Cecilia era o que naturalmente a todos occorre chamar—uma pobre rapariga.—N'esta expressão nada ha que faça suppôr a belleza da pessoa a quem se applica, bem sei; nem em rigor se refere a qualidade alguma moral.

É certo; porisso não analyso. Succede porém que, quando de qualquer mulher, que não conheço, ouço dizer que é—uma pobre rapariga—, não sei por que a imagino bella, bella de belleza nacional e com um coração… como o coração de Cecilia.

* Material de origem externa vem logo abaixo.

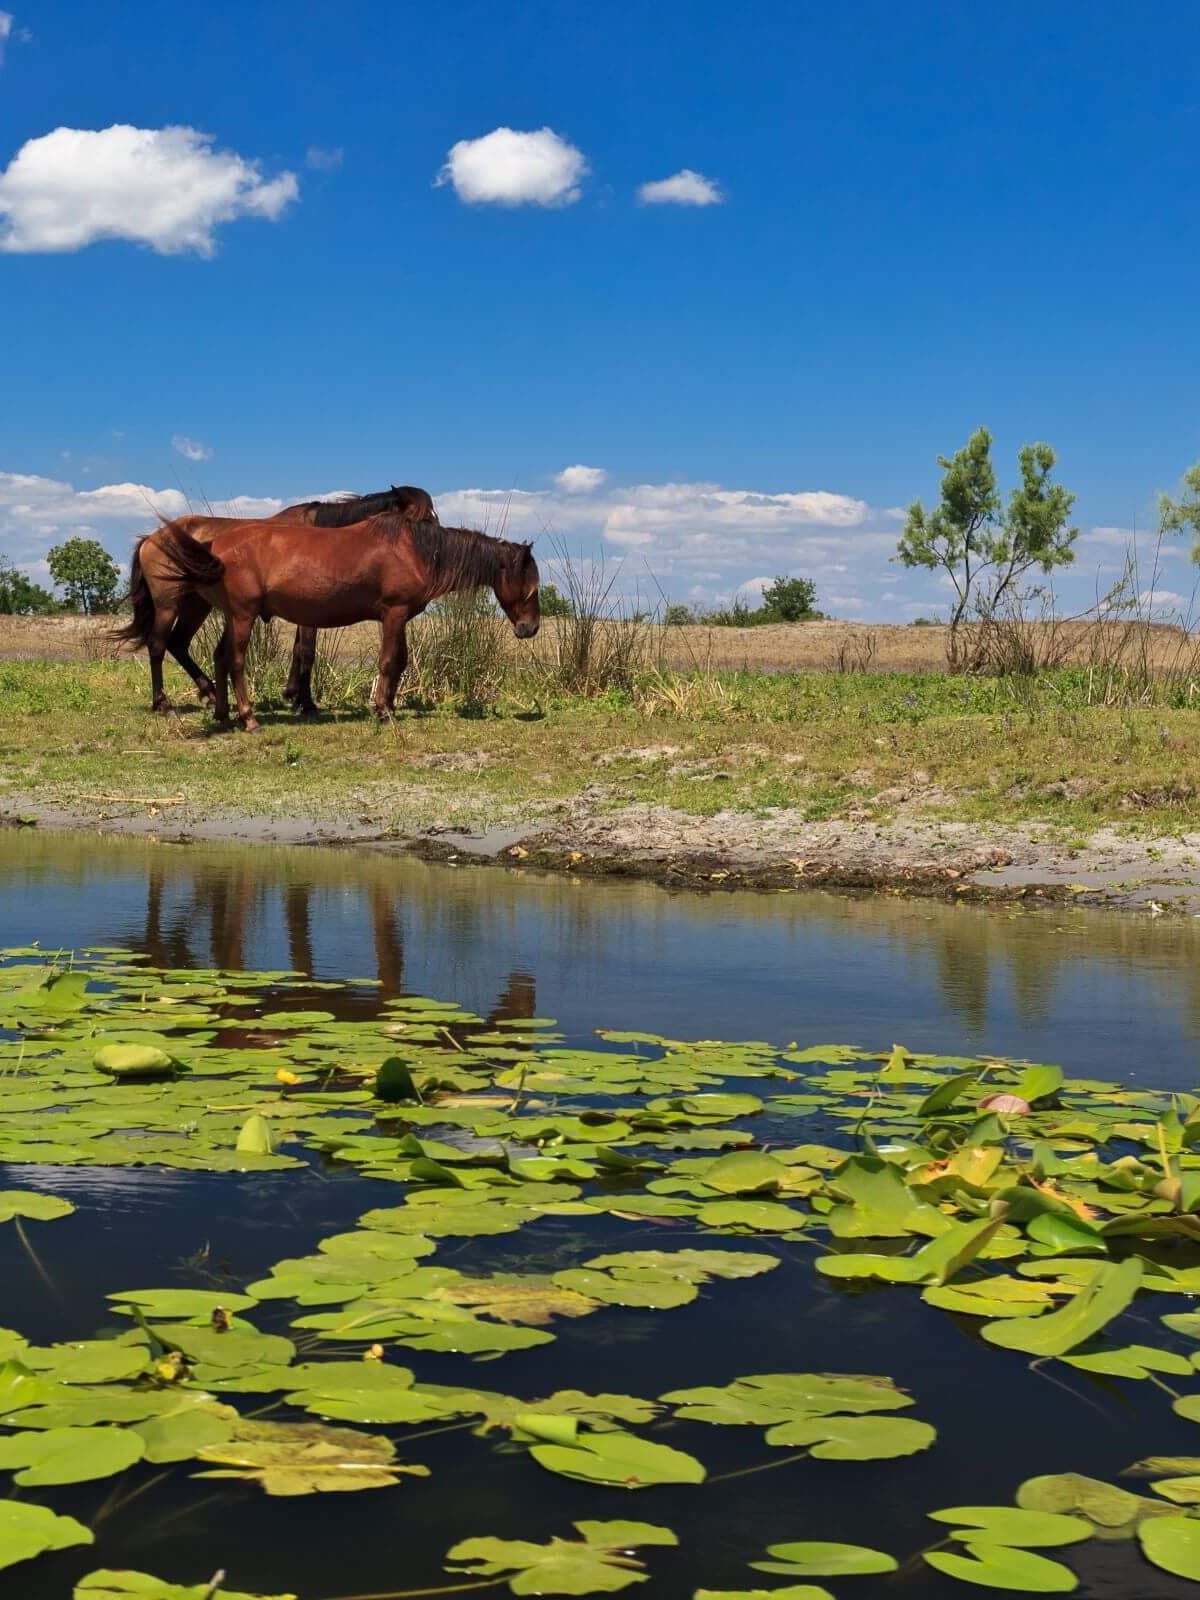 Lily pads on the river and horses in the Danube Delta, Romania

Aqui temos a ingleza Jenny, que não poderia receiar confrontos com a sua amiga, nem em gentileza nem em bondade; mas, não sei porquê, lembrou-me chamar a Jenny anjo e fada, e hesitaria em definil-a, como defino Cecilia.

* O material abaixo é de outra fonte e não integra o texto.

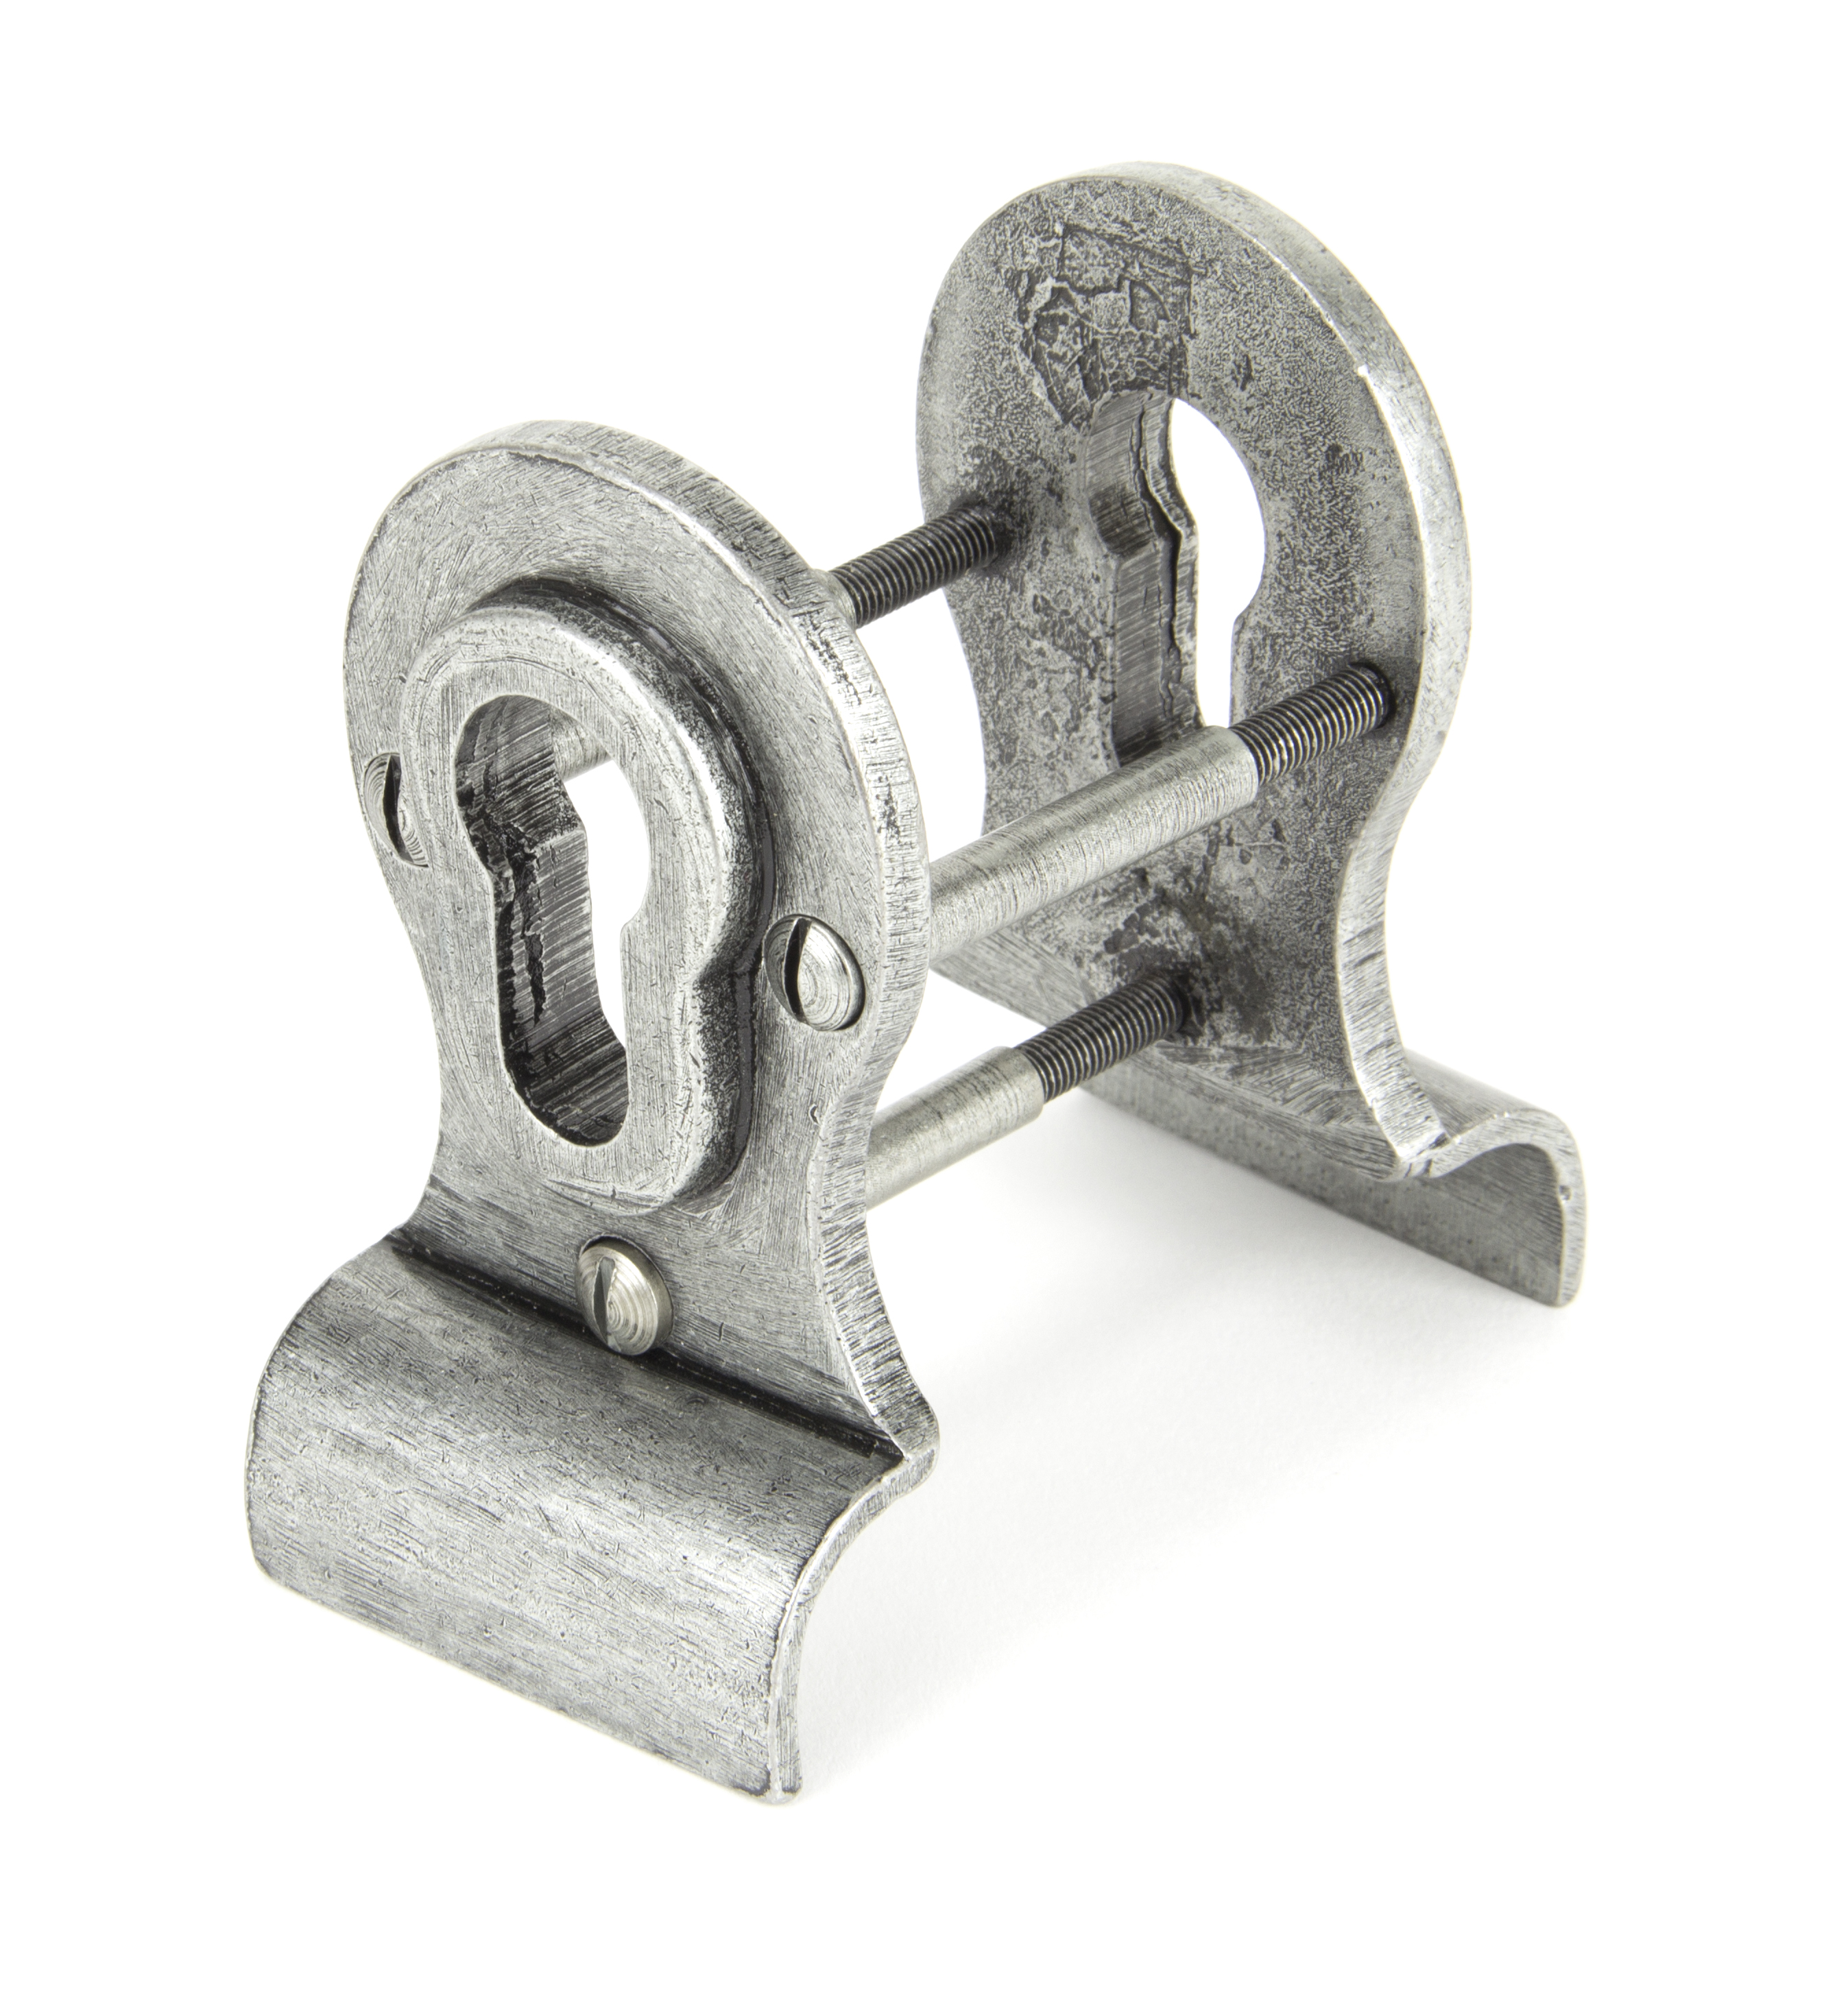 Euro Door Pull Back-to-back fixings - 50mm

Accusar-me-hão de dar á filha de Manoel Quentino uma feição demasiadamente burgueza, com a phrase burgueza, pela qual a caracteriso. Folgarei de que seja merecida a critica, porque…—vá aqui mais outra confissão, em que revelarei a minha coragem—, eu sympathiso mais com os typos burguezes do que com os typos aristocraticos,—e em mulheres sobretudo. Rodeia-se de mais poesia aos meus olhos a rapariga burgueza, e sem aspirações a deixar de sel-o, quando a trabalhar á luz do candieiro, do que a elegante dos salões, gastando a imaginação em problemas de toucador; a costura, a simples, a modesta costura, util e abençoada applicação da agulha feminina, agrada-me bem mais do que as bonitas futilidades do, reputado mais nobre, trabalho de bastidor; a mulher que a si propria se penteia, acho-a mais merecedora da contemplação do artista, do que a indolente que, reclinada n'uma poltrona e folheando o jornal de modas, entrega a cabeça ás mãos de uma criada ou do cabelleireiro. Esta, a ser copiada, basta-lhe por téla … um leque ou uma tampa de cartonagem.

Sim, Cecilia não tinha nada do typo aristocratico; n'isso era ella ainda genuinamente do Porto, cidade cujo principal titulo de gloria é o ter, em épocas em que a nobreza era tudo, previsto que podia e devia prescindir d'ella, para se engrandecer.

XII

OUTRO DEPOIMENTO

—Esteve doente, Cecilia?—perguntou Jenny, accommodando o chapéo da amiga.

—Não; porque m'o pergunta?

—Nem eu sei. Pareceu-me ler-lhe no rosto… e depois… veio tão tarde.